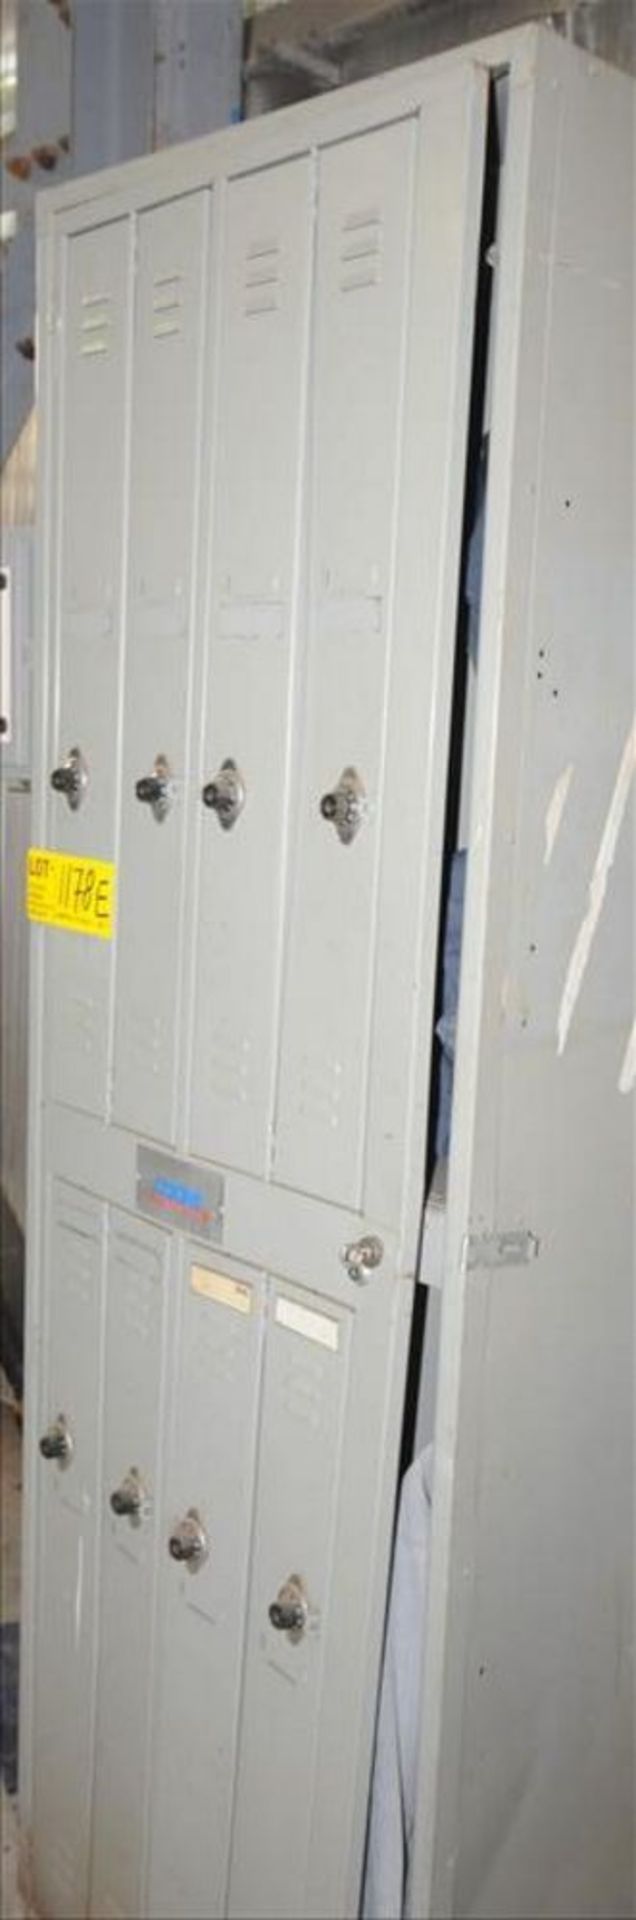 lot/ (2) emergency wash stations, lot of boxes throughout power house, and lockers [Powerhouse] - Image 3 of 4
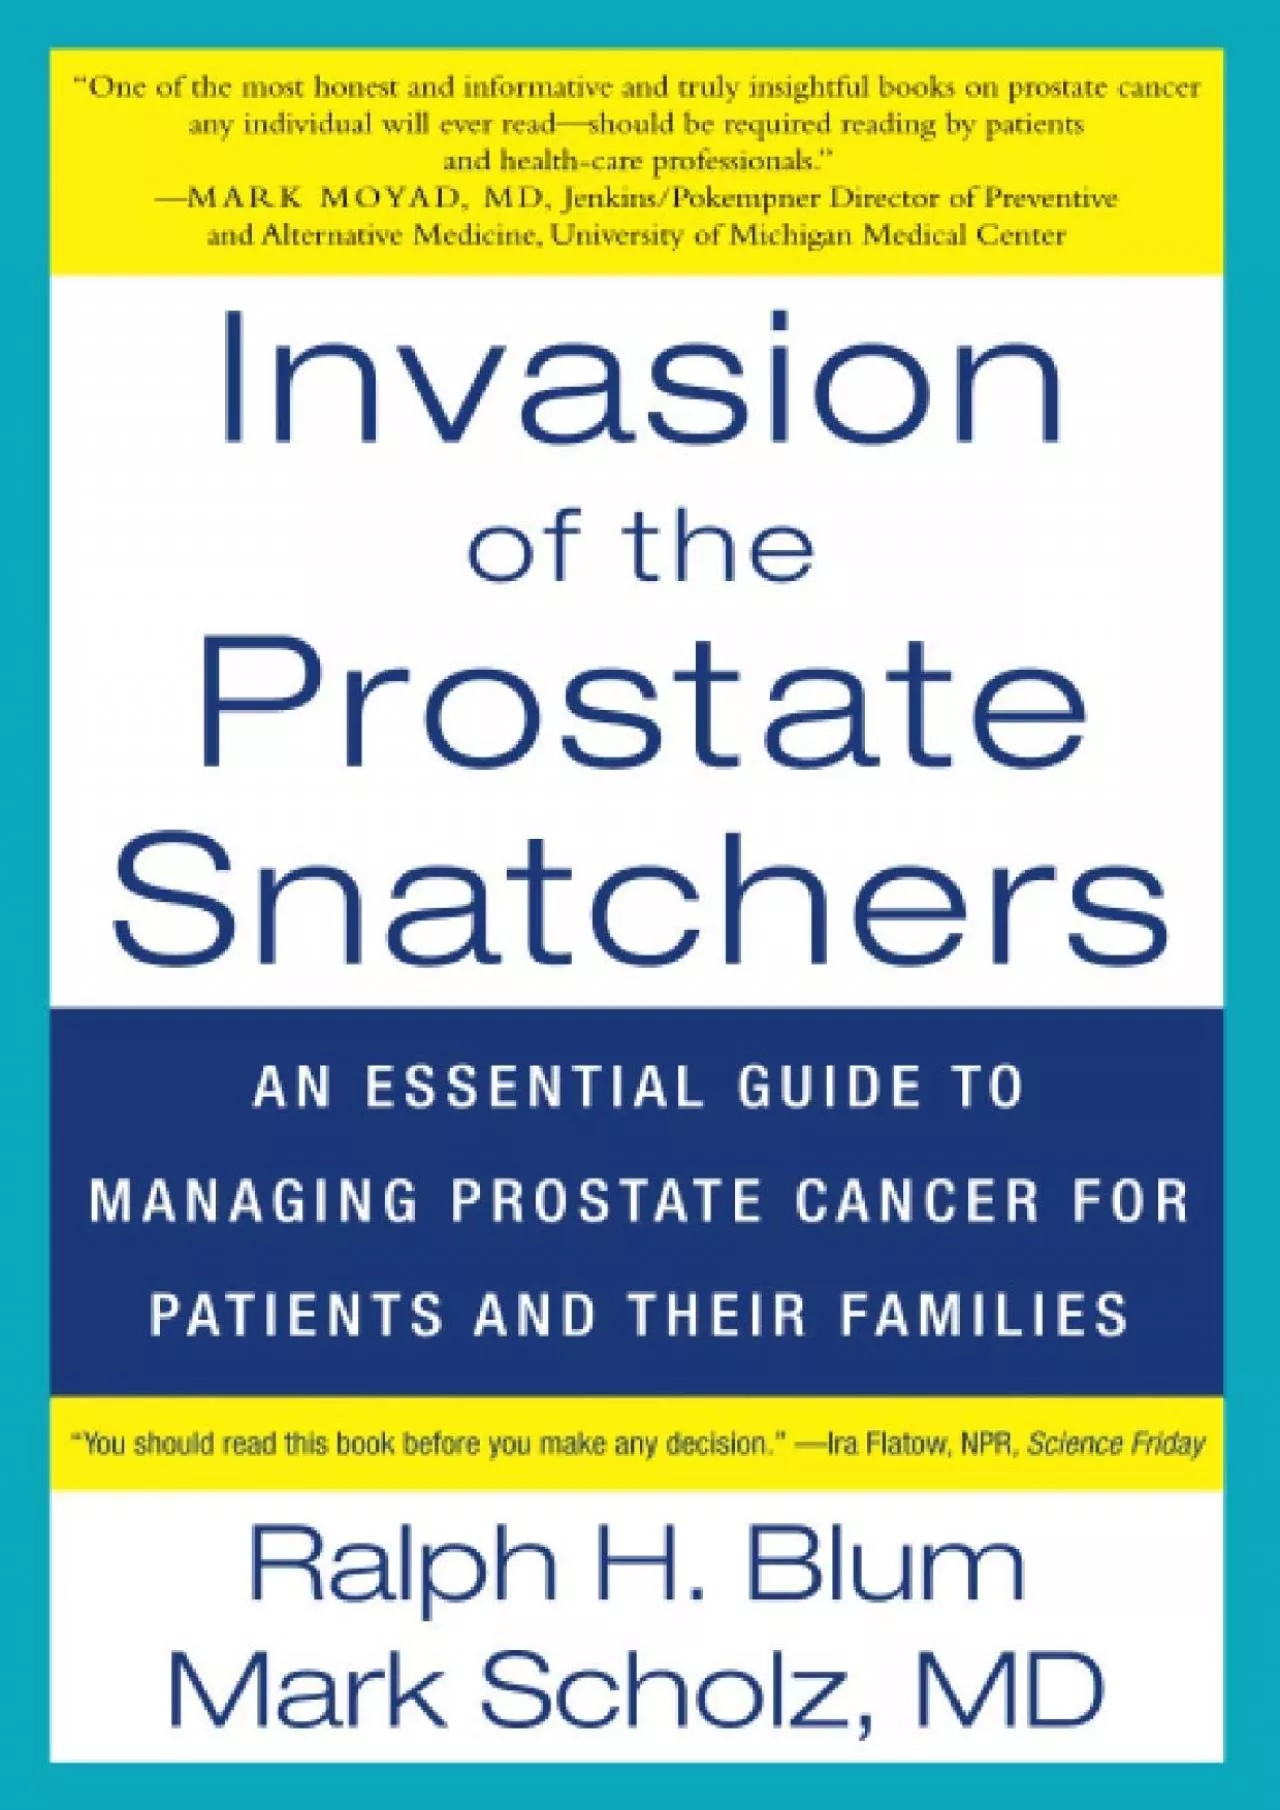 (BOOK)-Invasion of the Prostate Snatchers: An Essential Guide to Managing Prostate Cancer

▬▬▬

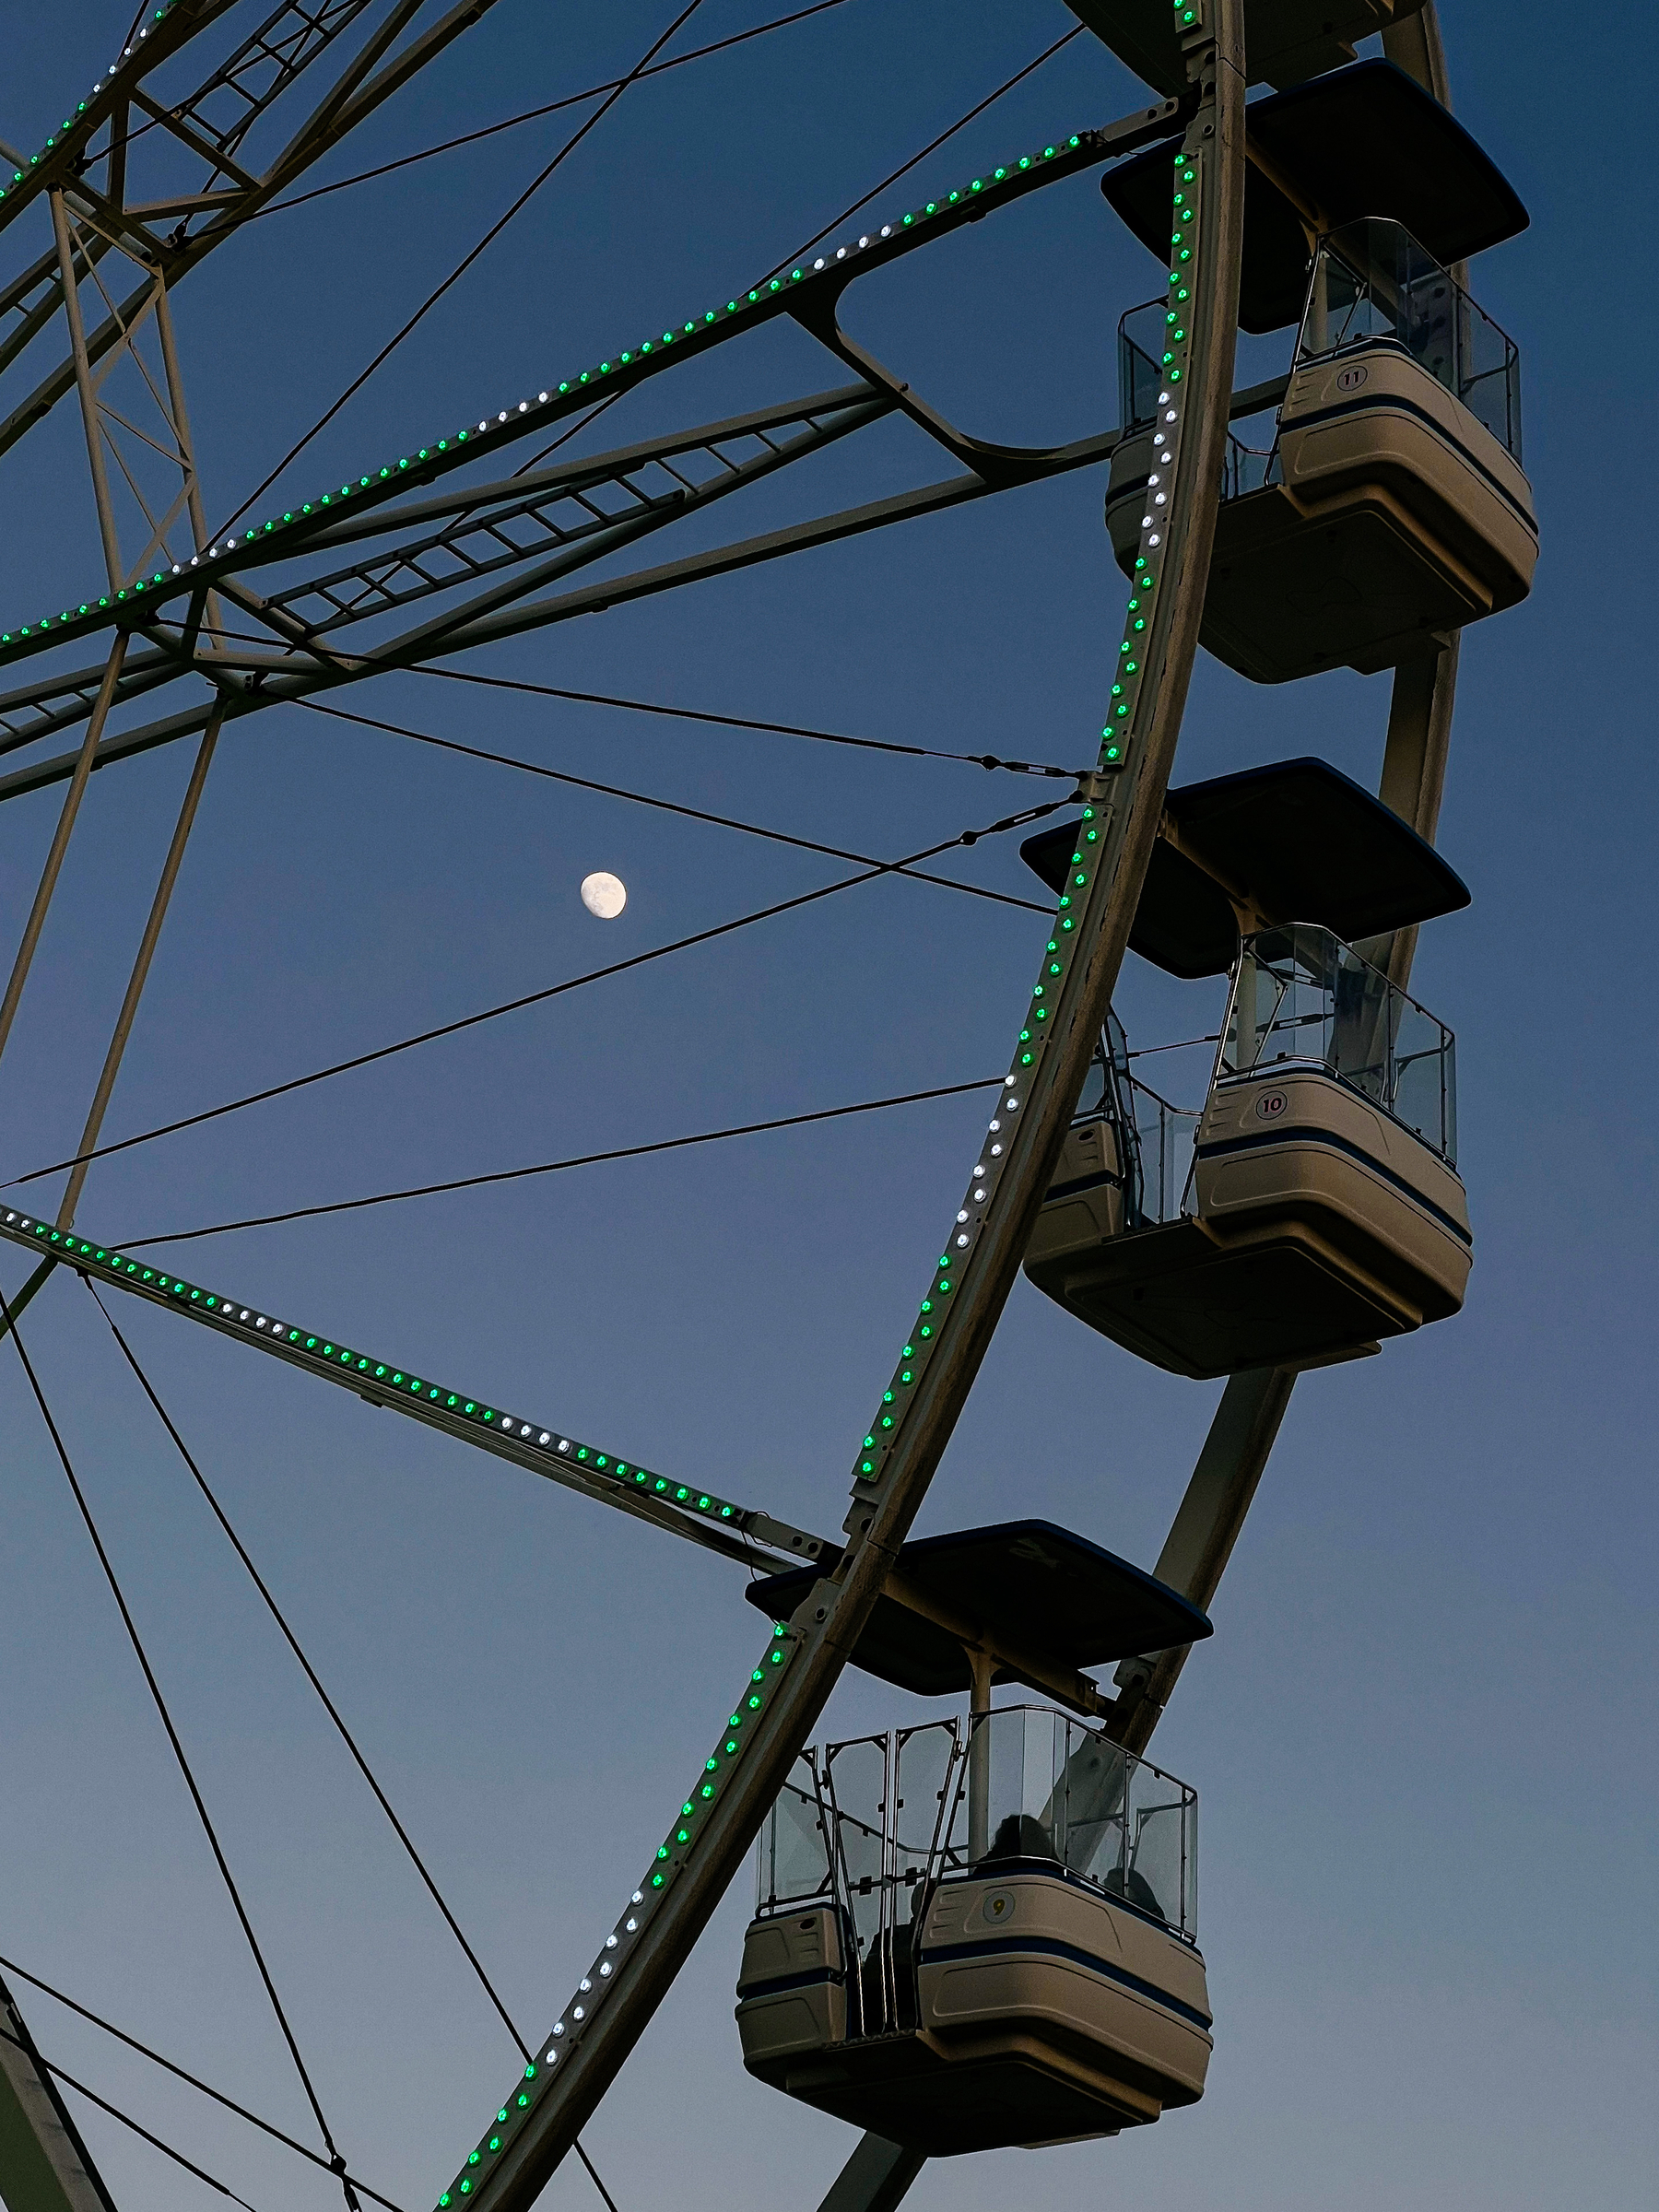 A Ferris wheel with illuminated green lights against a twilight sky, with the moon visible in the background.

▬▬▬

• _Work instruction_:
Copy nothing but the lines above that run from the one with "lot/ (2) emergency" to the one with "(BOOK)-Invasion of the", ends included; pictures stay out.

• _Your response_:
 lot/ (2) emergency wash stations, lot of boxes throughout power house, and lockers [Powerhouse] - Image 3 of 4
 (BOOK)-Invasion of the Prostate Snatchers: An Essential Guide to Managing Prostate Cancer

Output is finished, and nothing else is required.